Wednesday, February 27, 2013

MARC affirms its ratings of Sistem Penyuraian Trafik KL Barat Sdn Bhd's (SPRINT) RM510 million Al Bai Bithaman Ajil Islamic Debt Securities (BaIDS) and RM365 million Bank Guaranteed Serial Fixed Rate Bonds (BG Bonds) at A+ID and AA-(bg) respectively

MARC affirms its ratings of Sistem Penyuraian Trafik KL Barat Sdn Bhd's (SPRINT) RM510 million Al Bai Bithaman Ajil Islamic Debt Securities (BaIDS) and RM365 million Bank Guaranteed Serial Fixed Rate Bonds (BG Bonds) at A+ID and AA-(bg) respectively. The outlook on the ratings is stable. SPRINT is the concession owner and operator of the 25.5km SPRINT highway consisting of the Damansara Link, Kerinchi Link and Penchala Link situated to the west of Kuala Lumpur.

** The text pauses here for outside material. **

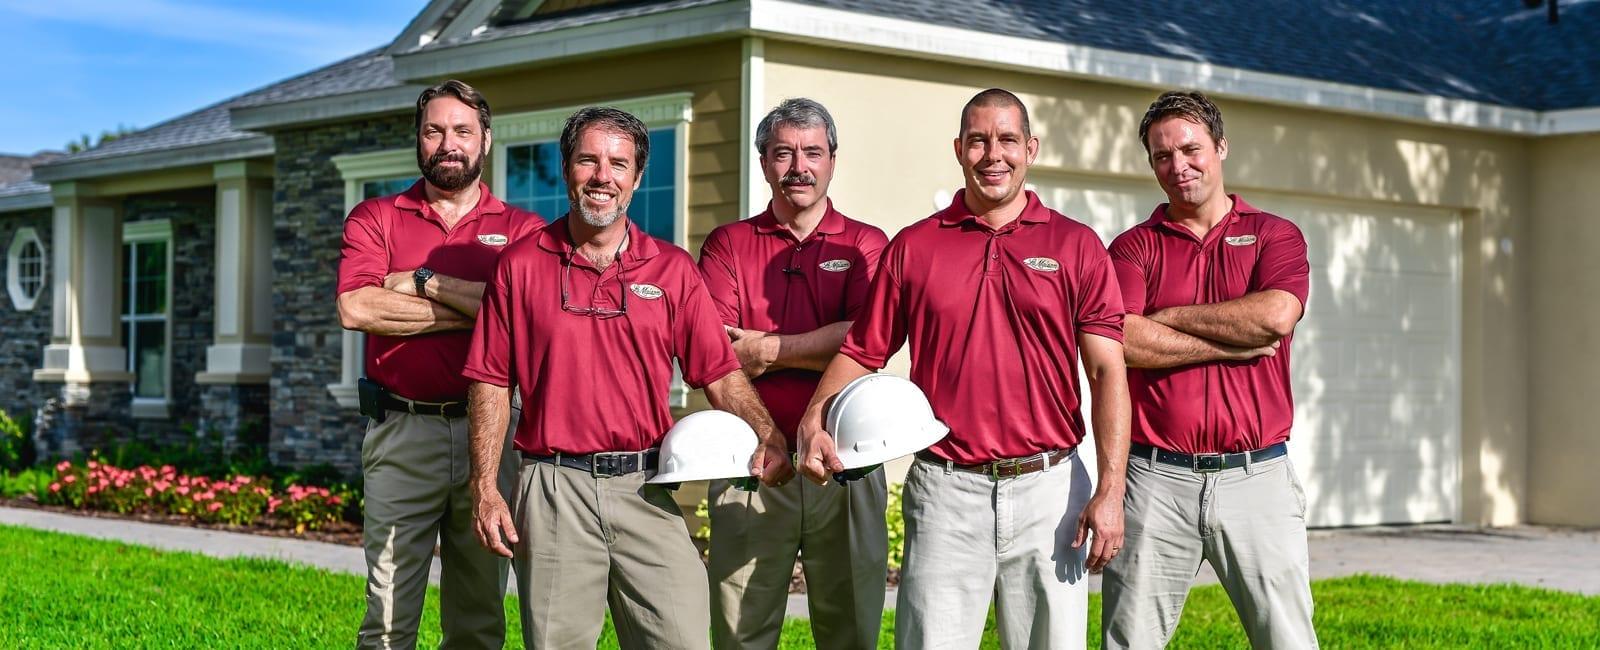 Sarasota Home Inspection Services by La Maison

The rating and outlook of the BG Bonds are underpinned by the credit strength of SPRINT's three guarantor banks, Public Bank Berhad, AmInvestment Bank Berhad and RHB Bank Berhad. In line with MARC's weakest link approach, the rating of the BG Bonds reflects lowest rating of the three banks which is AA-/Stable. Any changes to the rating and outlook on the BG Bonds would be largely underpinned by changes of the credit quality of the guarantor banks.

The non-guaranteed rating of the BaIDS reflects SPRINT's standalone credit profile which is supported by the satisfactory traffic performance of the highway which was largely in line with the independent traffic forecast of May 2011, as a result of which, actual operating profit and cash flow from operations (CFO) remain within MARC's expectations. Moderating the rating is the sensitivity of SPRINT's liquidity position to delays in the receipt of compensation paid by the government for deferring scheduled toll hikes.

The deferment of toll hikes of the Damansara Link and Kerinchi Link since 2008 and the Penchala Link since 2010 has also supported traffic growth which has surpassed projections in the first eleven months of 2012 (11M2012). The latest projections by Halcrow Consultants Sdn Bhd had incorporated toll hikes in 2012 per the toll schedule under the concession agreement. The Damansara Link had also benefited from the upgrade of the Taman Tun Dr Ismail (TTDI) interchange linking to the Lebuhraya Damansara-Puchong (LDP). The upgrade involved the construction of a flyover and underpass which significantly eases congestion and allows for smoother traffic flow from the Damansara Link to the Bandar Utama and Kota Damansara areas.

For the 11M2012 period, traffic on the Damansara Link and Kerinchi Link grew at an annualised rate of 4.0% and 5.8% respectively (2011: 1.8%, 6.8%), while traffic on the Penchala Link was below projections, showing an annualised growth of only 3.6% (2011: 7.9%). For the first four months of SPRINT's financial year ending March 31, 2013 (4MFY2013), the company recorded revenue and pre-tax loss of RM56.9 million and RM3.1 million respectively. Government compensation for the deferment of toll hikes accounted for RM19.2 million or a third of the company's revenue. Given the sizeable portion of SPRINT's revenue that takes the form of government compensation, SPRINT's liquidity is dependent on timely receipt of the government compensation. MARC notes that the payment for balance of compensation for the 2011 calendar year of RM23.5 million and advance compensation for 2012 of RM32.2 million was made on September 14, 2012. MARC is mindful that SPRINT's liquidity position will exhibit increased sensitivity to the timeliness of government compensation payments should the compensation amounts increase as a result of further toll hike deferments.

For the full financial year ended March 31, 2012 (FY2012), SPRINT recorded revenue and pre-tax loss of RM163.7 million and RM18.9 million respectively (FY2011: RM156.5 million, RM53.5 million). The narrowing losses were mainly due to lower amortisation of the company's highway development expenditure. The company's cash flow from operations (CFO) had improved to RM136.4 million (FY2011: RM104.9 million) and was sufficient to meet its principal and profit payments of RM60.0 million and RM71.6 million respectively. SPRINT's debt service cover ratio (DSCR) for the year was lower than expected at 1.94 times due to compensation receivables. Nevertheless, it is higher than its covenanted DSCR of 1.50 times.

The stable outlook reflects MARC's expectations that SPRINT should be able to meet its debt obligations in the context of moderate delays in payment of government compensation. Should the compensation receivables collection period increase, SPRINT would have to rely on its available cash and bank balances and final issuance of loan stocks of RM25 million to meet any liquidity shortfalls.